» The task: Your reply should consist only of the lines from the one holding "Hanging File Folder" to the last line of the data below, written out exactly and without pictures.

» Given material:
=-=-=

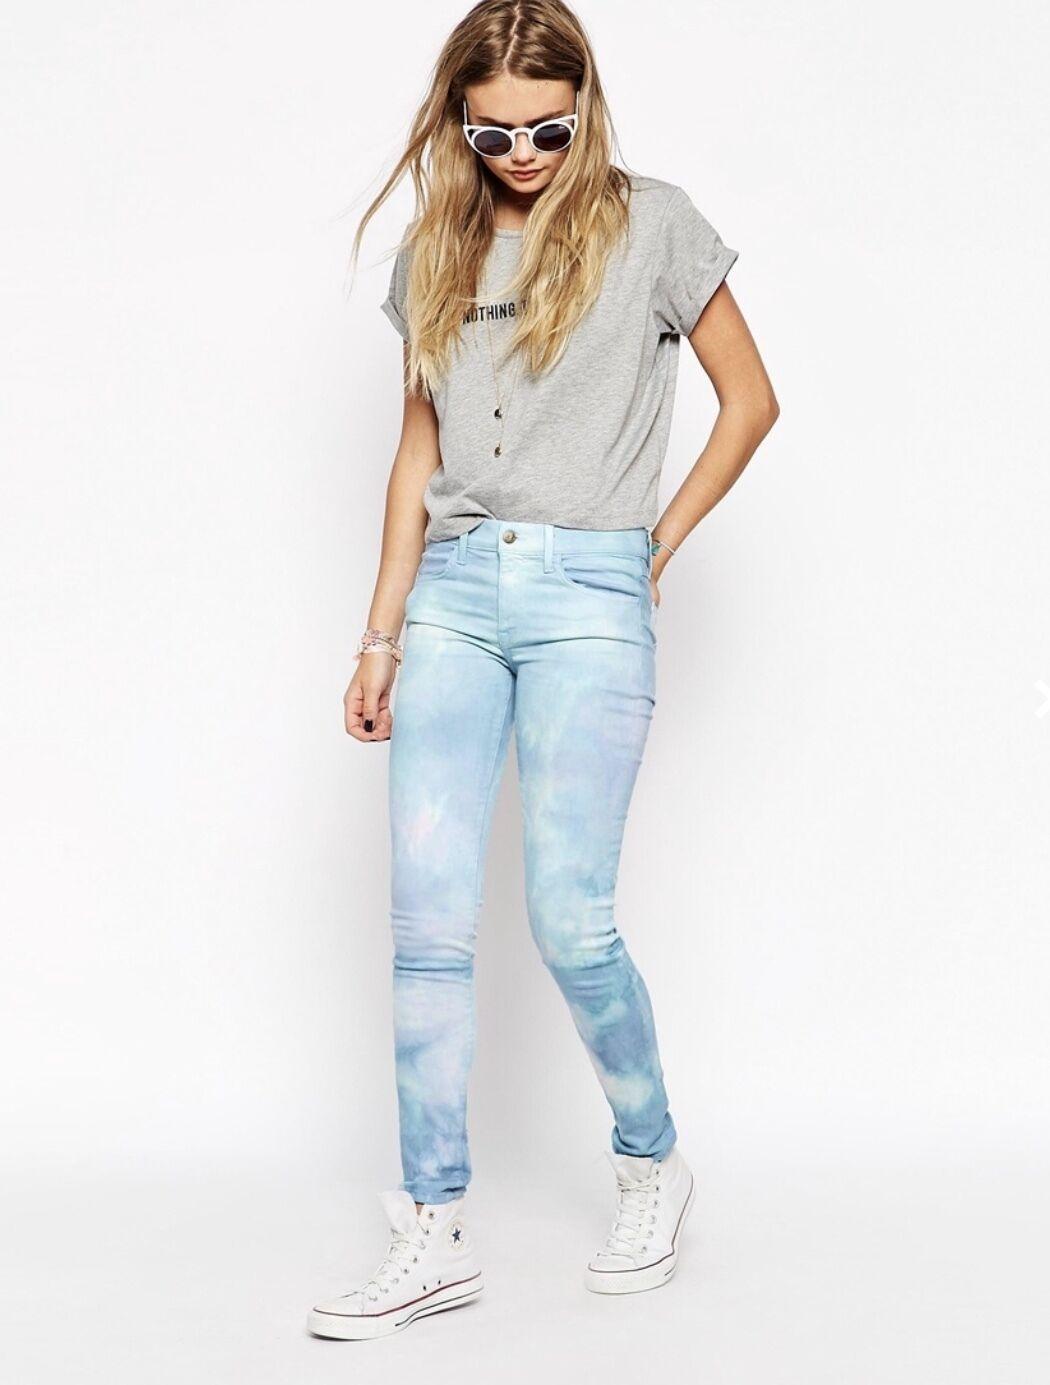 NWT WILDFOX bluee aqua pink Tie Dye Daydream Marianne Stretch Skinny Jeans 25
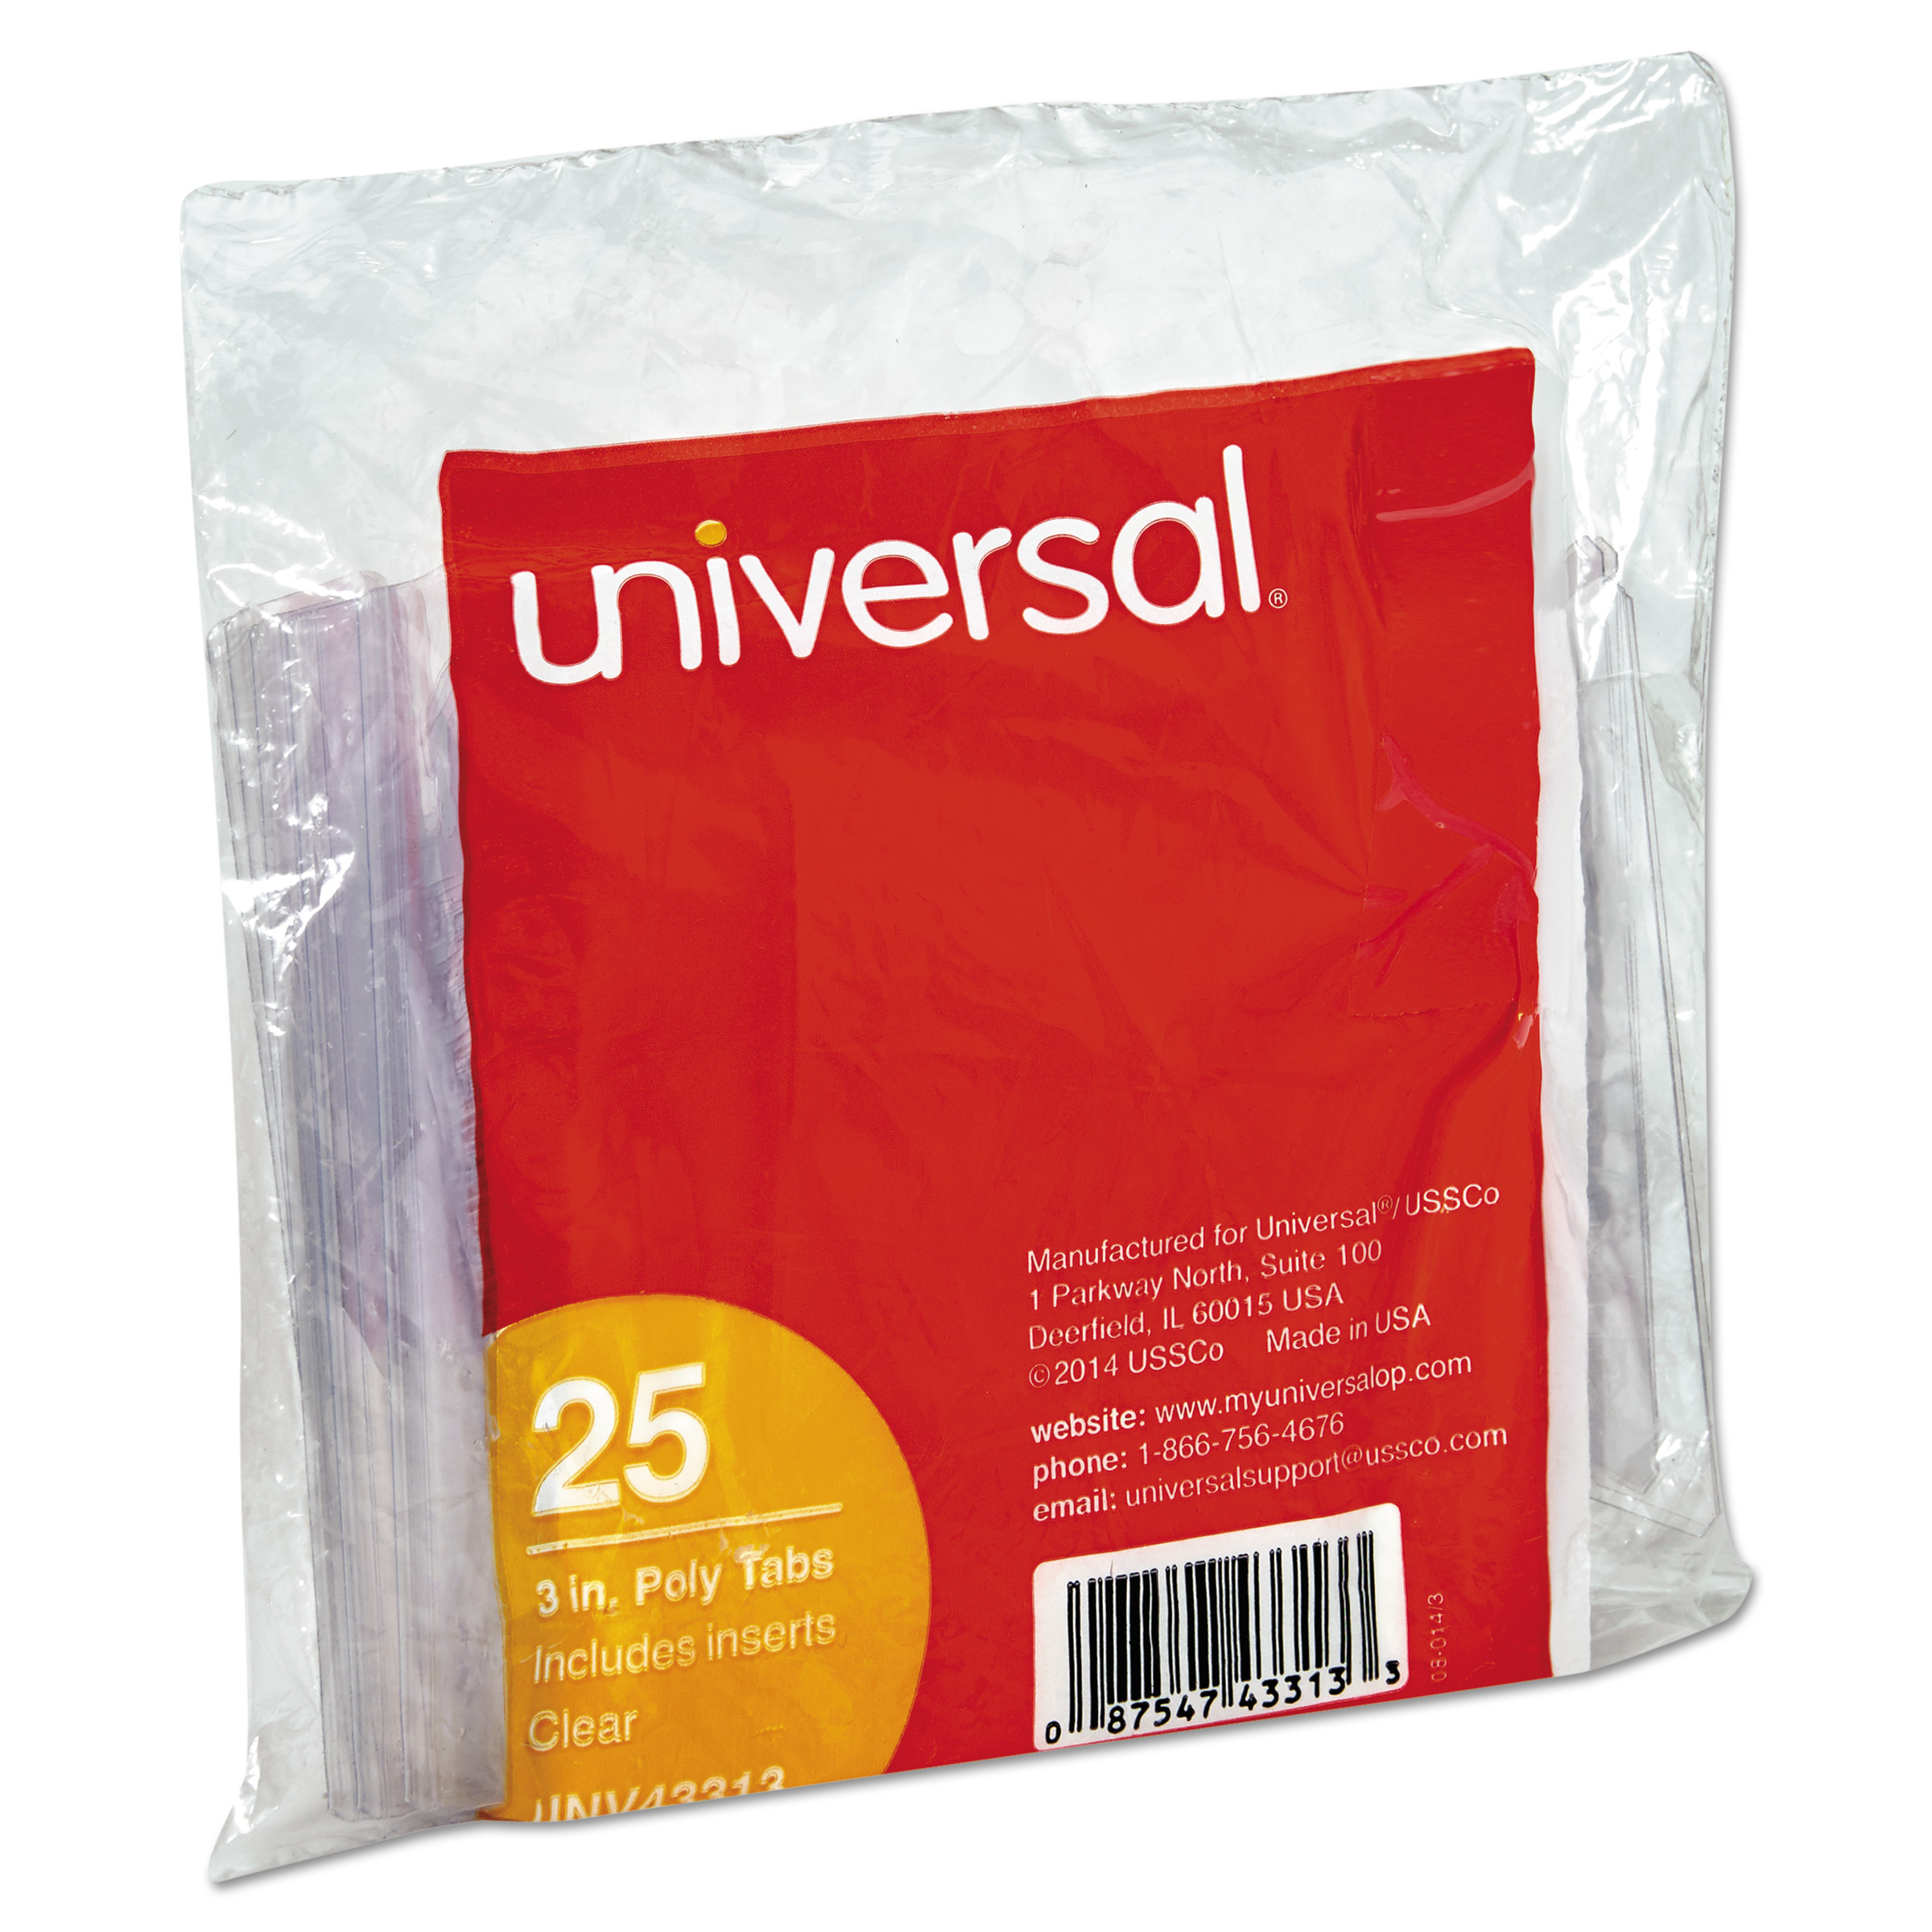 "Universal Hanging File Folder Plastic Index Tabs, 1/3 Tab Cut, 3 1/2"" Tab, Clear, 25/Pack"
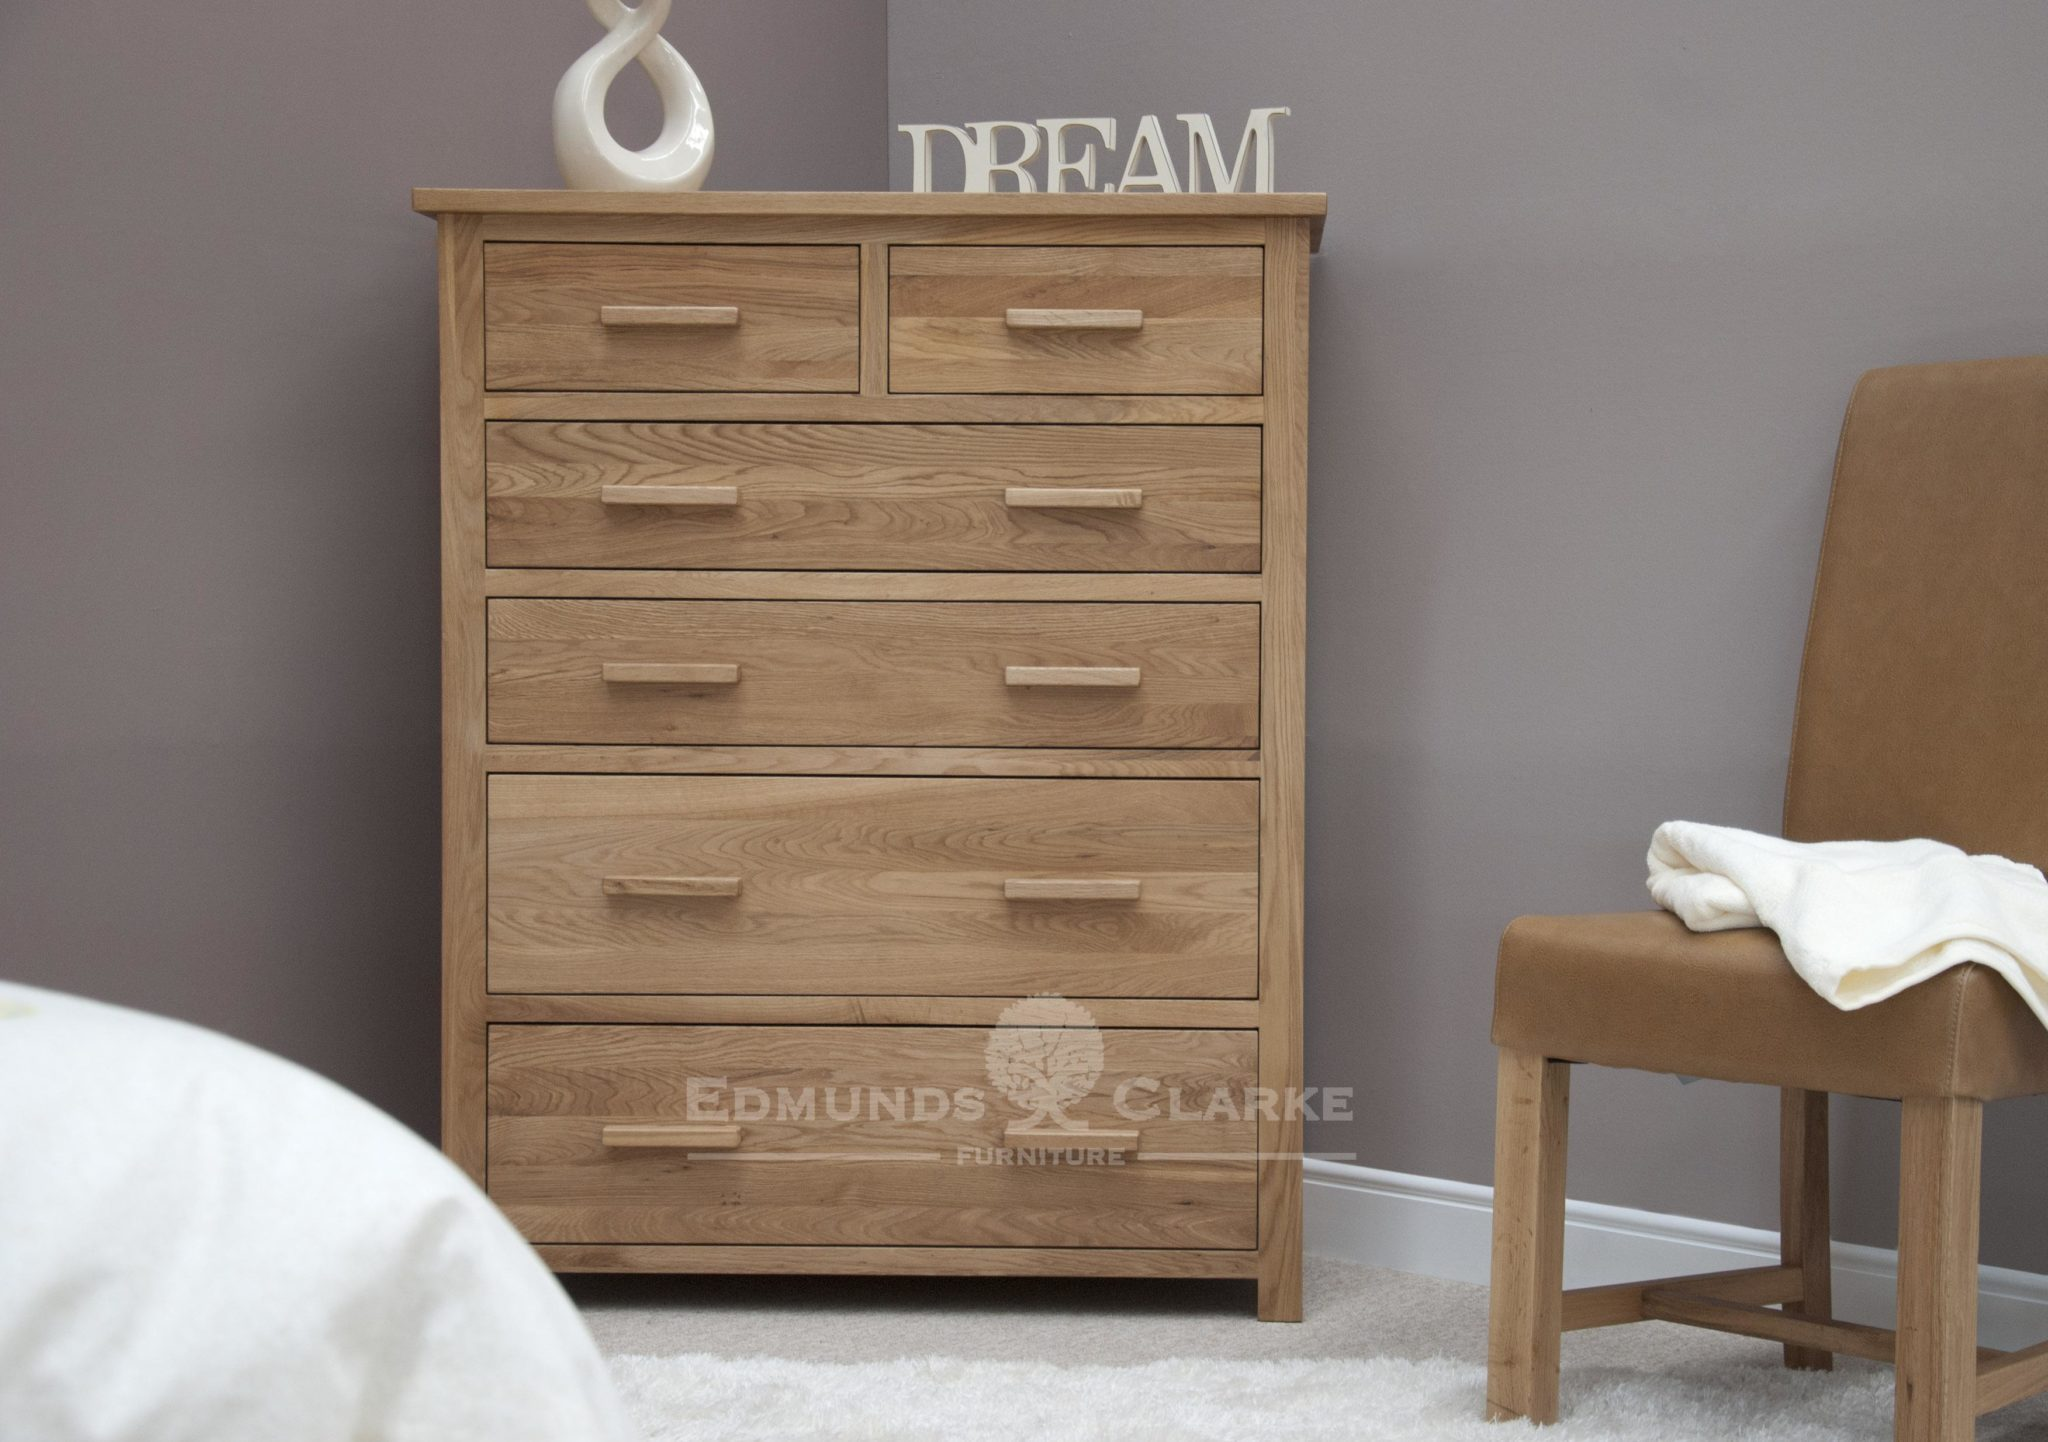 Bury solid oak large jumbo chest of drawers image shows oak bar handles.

=-=-=

» Solved problem:
 "Universal Hanging File Folder Plastic Index Tabs, 1/3 Tab Cut, 3 1/2"" Tab, Clear, 25/Pack"
 Bury solid oak large jumbo chest of drawers image shows oak bar handles.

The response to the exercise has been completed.